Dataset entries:
——————
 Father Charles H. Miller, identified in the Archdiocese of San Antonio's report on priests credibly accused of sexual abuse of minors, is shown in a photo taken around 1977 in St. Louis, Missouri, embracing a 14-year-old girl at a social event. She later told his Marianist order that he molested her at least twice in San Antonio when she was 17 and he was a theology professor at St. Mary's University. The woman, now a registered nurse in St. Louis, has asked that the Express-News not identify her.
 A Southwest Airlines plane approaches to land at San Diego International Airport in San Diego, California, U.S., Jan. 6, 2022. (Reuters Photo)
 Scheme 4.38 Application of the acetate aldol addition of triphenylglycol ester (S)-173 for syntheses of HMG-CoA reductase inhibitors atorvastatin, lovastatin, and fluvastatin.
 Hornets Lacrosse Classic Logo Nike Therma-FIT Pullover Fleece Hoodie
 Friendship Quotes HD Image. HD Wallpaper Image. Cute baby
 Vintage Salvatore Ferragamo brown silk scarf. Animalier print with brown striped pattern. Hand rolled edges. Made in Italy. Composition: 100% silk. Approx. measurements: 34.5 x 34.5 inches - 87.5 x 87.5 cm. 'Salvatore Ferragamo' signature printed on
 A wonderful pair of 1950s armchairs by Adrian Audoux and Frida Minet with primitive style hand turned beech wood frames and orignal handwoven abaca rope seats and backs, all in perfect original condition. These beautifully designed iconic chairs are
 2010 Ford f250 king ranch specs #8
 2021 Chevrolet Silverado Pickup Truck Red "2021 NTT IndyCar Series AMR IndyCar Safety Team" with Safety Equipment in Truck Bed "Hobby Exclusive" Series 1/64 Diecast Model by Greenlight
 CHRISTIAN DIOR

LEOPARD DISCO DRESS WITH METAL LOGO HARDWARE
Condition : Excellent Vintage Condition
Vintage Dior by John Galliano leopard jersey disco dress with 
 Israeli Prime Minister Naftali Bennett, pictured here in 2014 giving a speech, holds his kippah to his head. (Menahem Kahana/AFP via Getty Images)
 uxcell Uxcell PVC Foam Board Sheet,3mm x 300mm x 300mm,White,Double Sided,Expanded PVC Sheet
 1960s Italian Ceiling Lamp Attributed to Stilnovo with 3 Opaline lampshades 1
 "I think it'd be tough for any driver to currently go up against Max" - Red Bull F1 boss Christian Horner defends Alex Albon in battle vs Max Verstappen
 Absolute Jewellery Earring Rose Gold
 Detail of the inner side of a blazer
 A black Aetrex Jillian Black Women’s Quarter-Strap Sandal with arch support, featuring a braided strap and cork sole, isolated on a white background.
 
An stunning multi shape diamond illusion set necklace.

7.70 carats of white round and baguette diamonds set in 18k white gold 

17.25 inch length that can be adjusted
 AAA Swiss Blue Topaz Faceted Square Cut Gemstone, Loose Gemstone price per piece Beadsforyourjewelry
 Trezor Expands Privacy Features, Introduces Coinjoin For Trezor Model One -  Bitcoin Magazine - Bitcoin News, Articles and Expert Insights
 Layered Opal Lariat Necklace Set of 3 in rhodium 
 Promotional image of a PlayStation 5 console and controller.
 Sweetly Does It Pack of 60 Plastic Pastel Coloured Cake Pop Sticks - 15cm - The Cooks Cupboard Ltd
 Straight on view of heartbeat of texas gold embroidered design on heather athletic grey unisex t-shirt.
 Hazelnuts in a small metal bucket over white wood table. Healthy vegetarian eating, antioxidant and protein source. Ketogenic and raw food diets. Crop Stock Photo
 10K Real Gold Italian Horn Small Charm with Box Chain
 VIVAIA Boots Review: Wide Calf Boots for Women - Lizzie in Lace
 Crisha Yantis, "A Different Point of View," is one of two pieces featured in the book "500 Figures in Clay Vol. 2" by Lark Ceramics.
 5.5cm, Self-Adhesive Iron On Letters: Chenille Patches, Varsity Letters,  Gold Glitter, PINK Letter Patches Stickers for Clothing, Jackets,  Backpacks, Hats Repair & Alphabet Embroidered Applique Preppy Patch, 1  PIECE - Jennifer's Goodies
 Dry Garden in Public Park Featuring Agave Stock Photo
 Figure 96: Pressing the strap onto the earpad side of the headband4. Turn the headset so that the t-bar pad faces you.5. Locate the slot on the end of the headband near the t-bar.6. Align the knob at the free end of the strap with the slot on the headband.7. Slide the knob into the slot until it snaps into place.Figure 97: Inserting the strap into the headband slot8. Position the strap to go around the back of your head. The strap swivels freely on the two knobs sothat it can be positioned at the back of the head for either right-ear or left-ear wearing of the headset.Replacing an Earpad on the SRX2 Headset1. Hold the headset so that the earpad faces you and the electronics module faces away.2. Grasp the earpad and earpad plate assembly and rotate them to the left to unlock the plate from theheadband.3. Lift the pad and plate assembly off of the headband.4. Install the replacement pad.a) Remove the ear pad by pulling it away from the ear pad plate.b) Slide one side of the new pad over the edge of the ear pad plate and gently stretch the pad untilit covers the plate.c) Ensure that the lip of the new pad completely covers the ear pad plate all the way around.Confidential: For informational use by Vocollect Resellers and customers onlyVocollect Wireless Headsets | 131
——————
**Assigned task**
As you read the records above, find each line that contains "Vintage" and copy it.

**Answer section**
 Vintage Salvatore Ferragamo brown silk scarf. Animalier print with brown striped pattern. Hand rolled edges. Made in Italy. Composition: 100% silk. Approx. measurements: 34.5 x 34.5 inches - 87.5 x 87.5 cm. 'Salvatore Ferragamo' signature printed on
Condition : Excellent Vintage Condition
Vintage Dior by John Galliano leopard jersey disco dress with 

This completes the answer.